Substitute at runtime:

slm-lab run -s env=Hopper-v5 -s max_frame=1e6 spec.json spec_name train

Search Blocks

Define hyperparameter ranges for Ray Tune:

"search": {
  "agent.algorithm.gamma__uniform": [0.95, 0.999],
  "agent.net.optim_spec.lr__loguniform": [1e-5, 1e-3]
}

Extending SLM-Lab

Adding a New Algorithm

1. Create slm_lab/agent/algorithm/your_algo.py

2. Inherit from appropriate base (Algorithm, ActorCritic, DQN, etc.)

3. Override necessary methods:

   • init_algorithm_params() - Set hyperparameter defaults

   • init_nets() - Create networks

   • act() - Action selection

   • train() - Training step

4. Register in slm_lab/agent/algorithm/__init__.py

5. Create a spec file for testing

Example: Custom DQN Variant

from slm_lab.agent.algorithm.dqn import DQN

class MyDQN(DQN):
    def init_algorithm_params(self):
        super().init_algorithm_params()
        # Add custom parameters
        self.my_param = self.algorithm_spec.get('my_param', 0.5)

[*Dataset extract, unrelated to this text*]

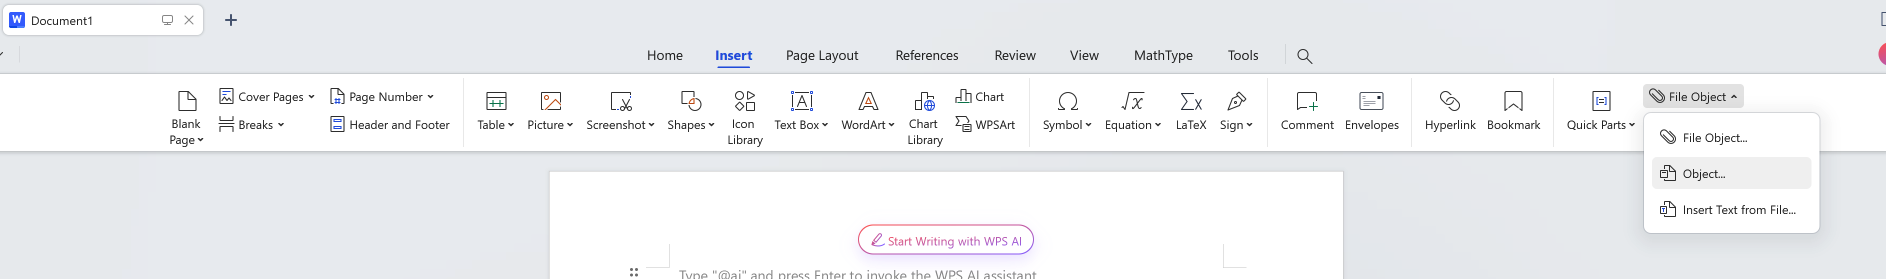 Insert tab in WPS Writer, with the File Object dropdown opened and the Object option clicked.

    def calc_q_loss(self, batch):
        # Custom loss calculation
        loss = super().calc_q_loss(batch)
        return loss * self.my_param  # Example modification

Adding Environment Support

SLM-Lab works with any gymnasium-compatible environment:

{"env": {"name": "YourEnv-v1"}}

For custom environments, ensure gymnasium API compliance:

import gymnasium as gym

class MyEnv(gym.Env):
    def reset(self, seed=None, options=None):
        # Return (observation, info)
        return obs, {}

    def step(self, action):
        # Return (observation, reward, terminated, truncated, info)
        return obs, reward, terminated, truncated, {}

Register and use:

gym.register(id='MyEnv-v1', entry_point='my_module:MyEnv')